When you take the differential form of Faraday's law (without currents)

$$\nabla \times E = - \frac {\partial \vec B} {\partial t}$$

and apply Stokes's Theorem to convert it to an integral equation (which requires a fixed loop for the line integral on the right-hand side), the left-hand side gives you only $\varepsilon_E$. This is not the complete "integral version of Faraday's law" because it doesn't include $\varepsilon_B$. Including $\varepsilon_B$ allows us to relax the requirement that we use a fixed loop when calculating $\Phi_B$.

So what we call the "integral version of Faraday's law" is not purely the integral of the differential version of Faraday's Law.

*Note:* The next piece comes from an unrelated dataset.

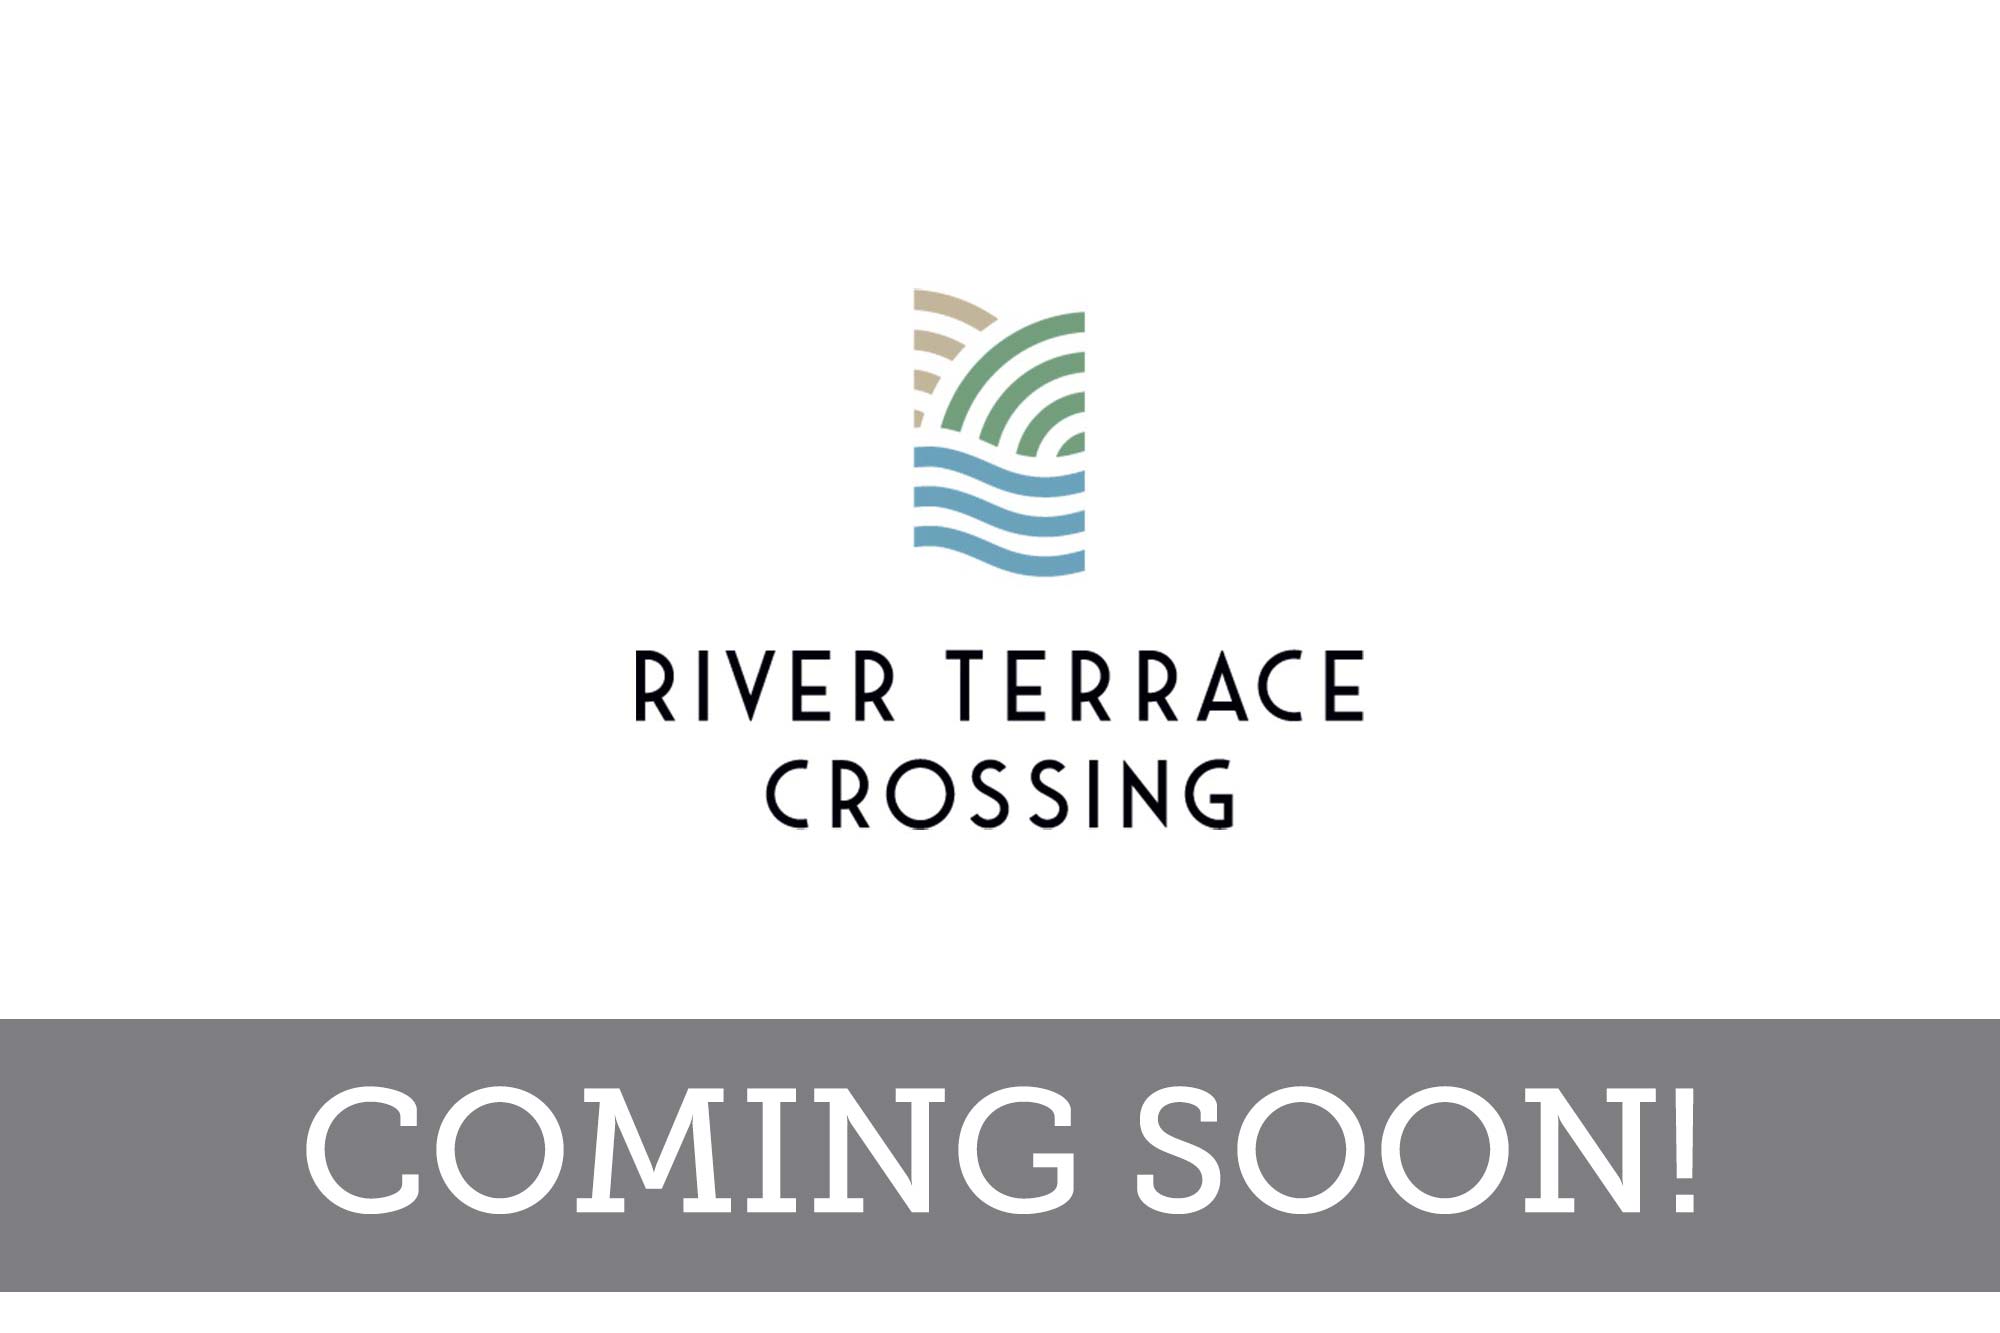 River Terrace Crossing - Coming Soon

I have read about that before in a paper by Giuseppe Giuliani. However, that is the only place I've read about it. Do you know whether any textbook (or any published source other than Giuliani for that matter!) which discusses the "true" integral form of Faraday's Law? It seems surprising to me that no one else in the literature has even thought about this issue.

 

[lugita15]

NO, they are NOT mathematically equivalent. look at the differential form of faraday's law again. What if the B-field is NOT changing with time (static B-field) but the conducting loop is time varying (its size of orientation is changing)? There is still an induced EMF! This is explained by the integral form, but is neglected by the differential form.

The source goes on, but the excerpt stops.